New Anaïs Nin Podcast and A Café in Space

We are celebrating Anaïs Nin’s 114th birthday with two major events: First, the publication of the 14th volume of A Café in Space: The Anaïs Nin Literary Journal, and the 24th episode of The Anaïs Nin Podcast.

The theme of this year’s A Café in Space is twofold: erotica and Nin’s relationship with her parents. Scholars from India and England look at Nin’s childhood and how it affected her life: Kastoori Barua’s essay uses popular theory to explain how Nin’s life choices were influenced by the unusual relationship she had with both parents, while Jean Owen explores adult-onset incest, using Nin and Kathryn Harrison as examples. Casandra Lim uses Freud’s theory of Oedipus to explains Nin’s relationships. The erotica aspect comes from the recent release of Nin’s long-lost collection Auletris: Erotica, and we present the introduction to the book as well as a lengthy excerpt. Erotica writer Lana Fox then uses Auletris as inspiration for her short story “L’Étalion.”

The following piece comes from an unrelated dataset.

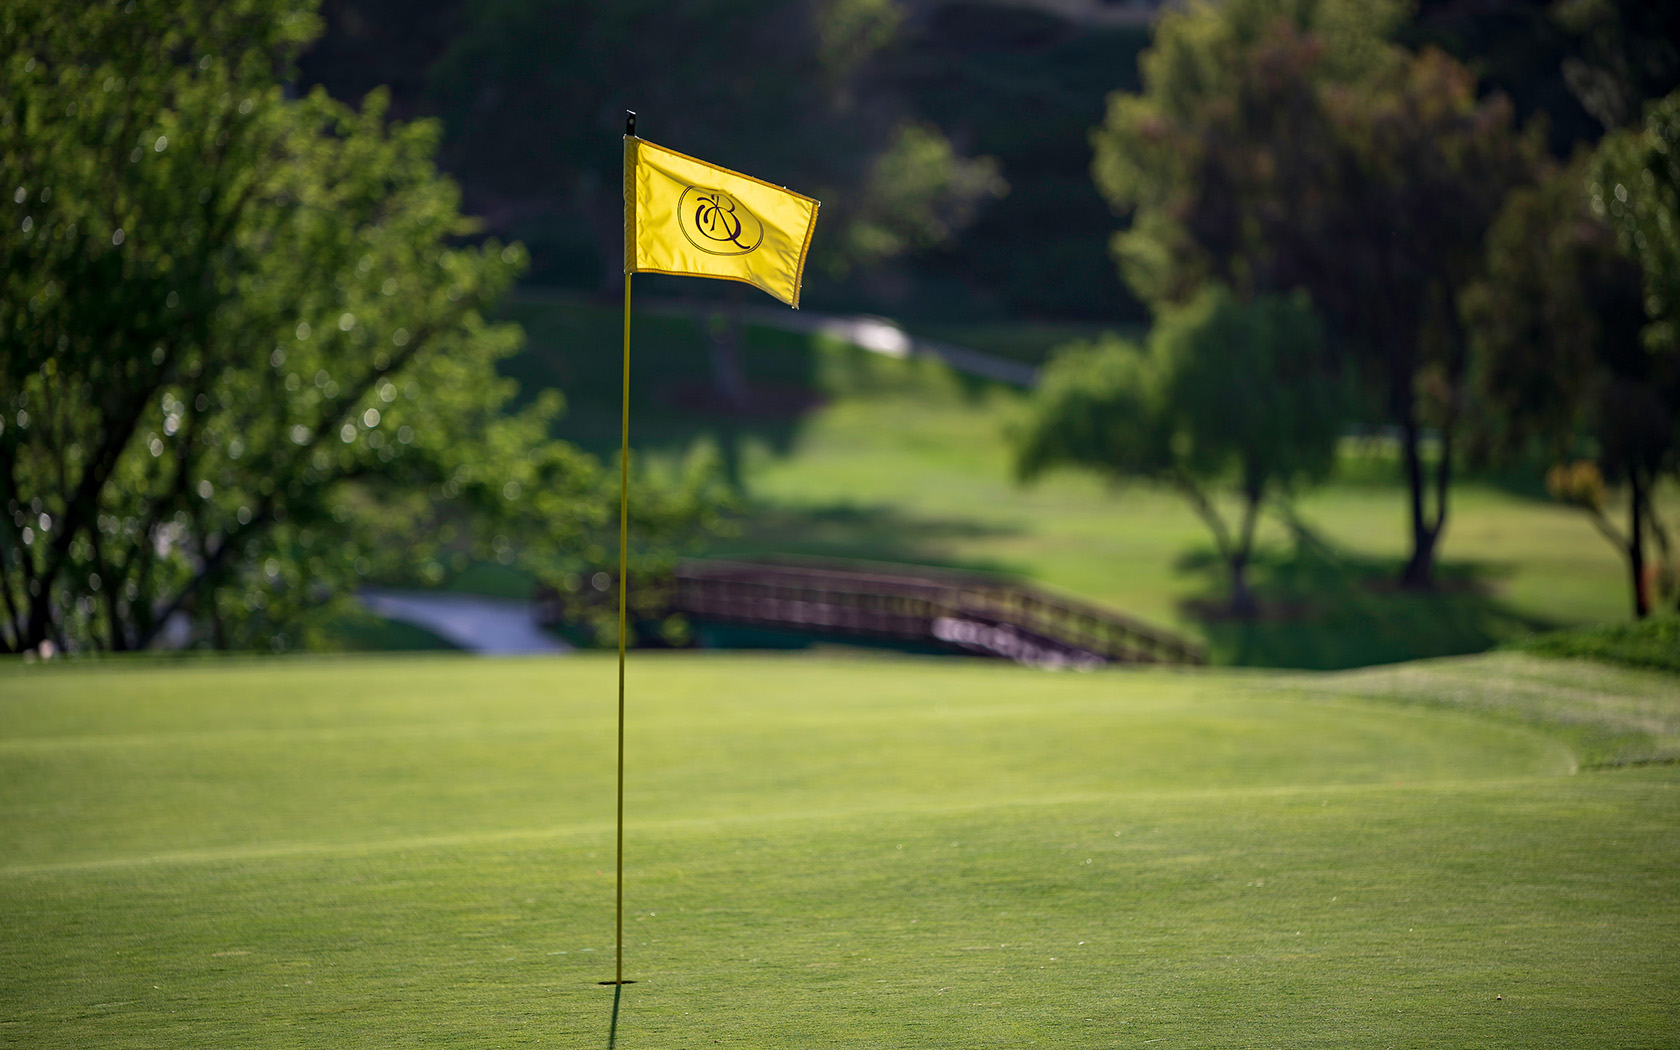 a close up of a yellow flagstick and a small wooden bridge in the background

Also included is never-before-published correspondence between Anaïs Nin, Joaquin Nin-Culmell and Eduardo Sanchez regarding contentious character descriptions of family members in the first volume of The Diary of Anaïs Nin, some of which is explosive.

CafeVol14-Cover-Draft-1

Nin scholars Simon Dubois Boucheraud and Jessica Gilbey also provide article to volume 14, while David Green treats us to his experiences in Durrell country in France. There is an excerpt from and a review of Kazim Ali’s new book Anaïs Nin: An Unprofessional Study and a tribute to John Ferrone from Tristine Rainer.

Short fiction, poetry and art are from Danica Davidson, Katie Doherty, Kennedy Gammage, Harry Kiakis, Steven Reigns, Chrissie Sepe, Colette Standish, David Wilde and Changming Yuan.

At $15, and with this caliber of work, it’s a steal.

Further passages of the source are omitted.